# Stemming

Let's see an example of stemming text using [NLTK](https://www.nltk.org/) (Natural Language ToolKit). We will use their SnowballStemmer implementation. The implementation is available online, so if you are curious about how stemming is done in different languages, you can look [here](https://www.nltk.org/api/nltk.stem.html).

In [None]:
import nltk
from nltk.stem.snowball import SnowballStemmer
from nltk.tokenize import word_tokenize 

In [None]:
# We need to download a package for word tokenization
nltk.download('punkt')

## Tokenization

In [None]:
text = "At first, historical linguistics served as the cornerstone of comparative linguistics primarily as a tool for linguistic reconstruction.[5] Scholars were concerned chiefly with establishing language families and reconstructing prehistoric proto-languages, using the comparative method and internal reconstruction."
text

Let's start with the word tokenization. Notice how it cut words and symbols.

In [None]:
" ".join(word_tokenize(text))

Rule-based tokenizers have to make implementation choices. For example, not splitting hyphenated words (`proto-languages`) or cutting symbols independently (`[ 5 ]`). Different tokenizers will bring different results. 
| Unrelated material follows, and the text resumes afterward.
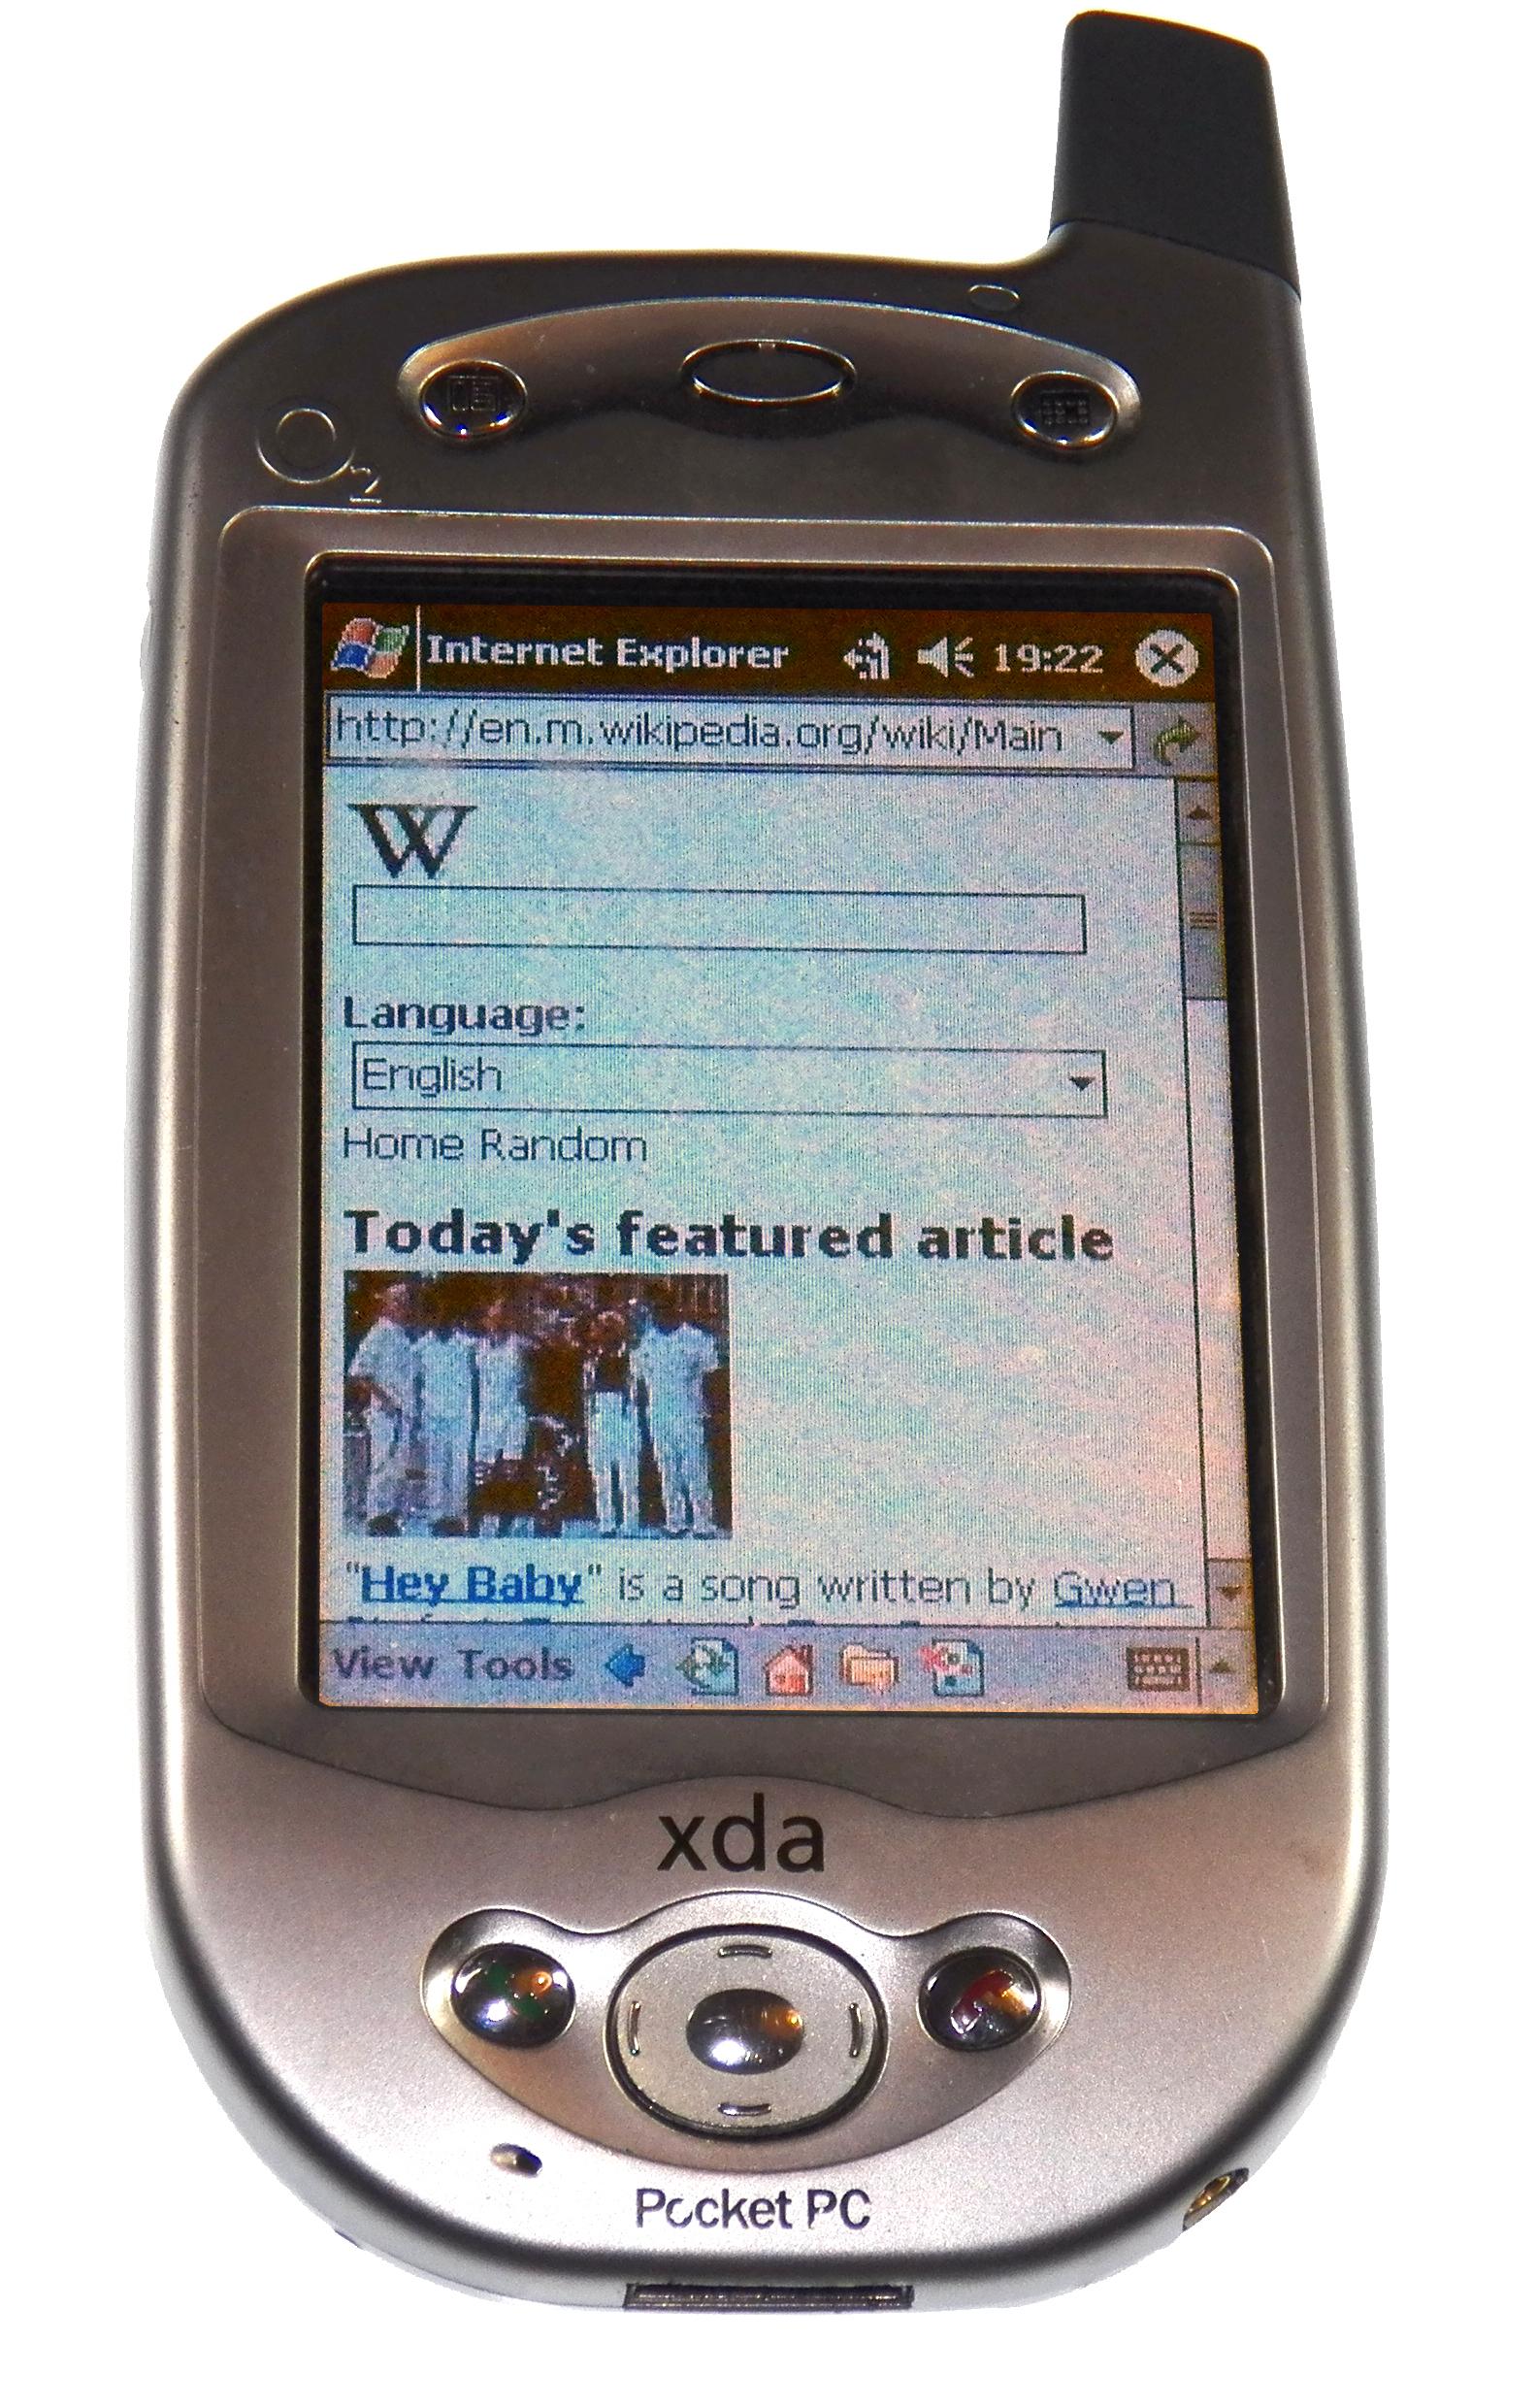 要靠 Vive 翻身的 HTC,昔日原来这么辉煌

NLTK provides several [word and sentence tokenizers](https://www.nltk.org/api/nltk.tokenize.html).

## Stemming

Now let's apply the stemming to everything that is composed of characters.

In [None]:
import re

re_word = re.compile(r"^\w+$")
stemmer = SnowballStemmer("english")
stemmed = [stemmer.stem(word) for word in word_tokenize(text.lower()) if re_word.match(word)]
        
" ".join(stemmed)

Note how the words are simply cut and stemmed. Note that "were" didn't change as it does not follow standard stemming rules.

Another example with "went".

In [None]:
text = " I went to the cinema"
stemmed = [stemmer.stem(word) for word in word_tokenize(text.lower()) if re_word.match(word)]
        
" ".join(stemmed)

## Going Further

NLTK proposes several stemming implementation in several languages. Notably, [this little tutorial](http://www.nltk.org/howto/stem.html) shows how to use the `Snowball stemmer` in several languages. You an also directly look into [NLTK's implementation](https://www.nltk.org/_modules/nltk/stem/snowball.html) of different stemmer.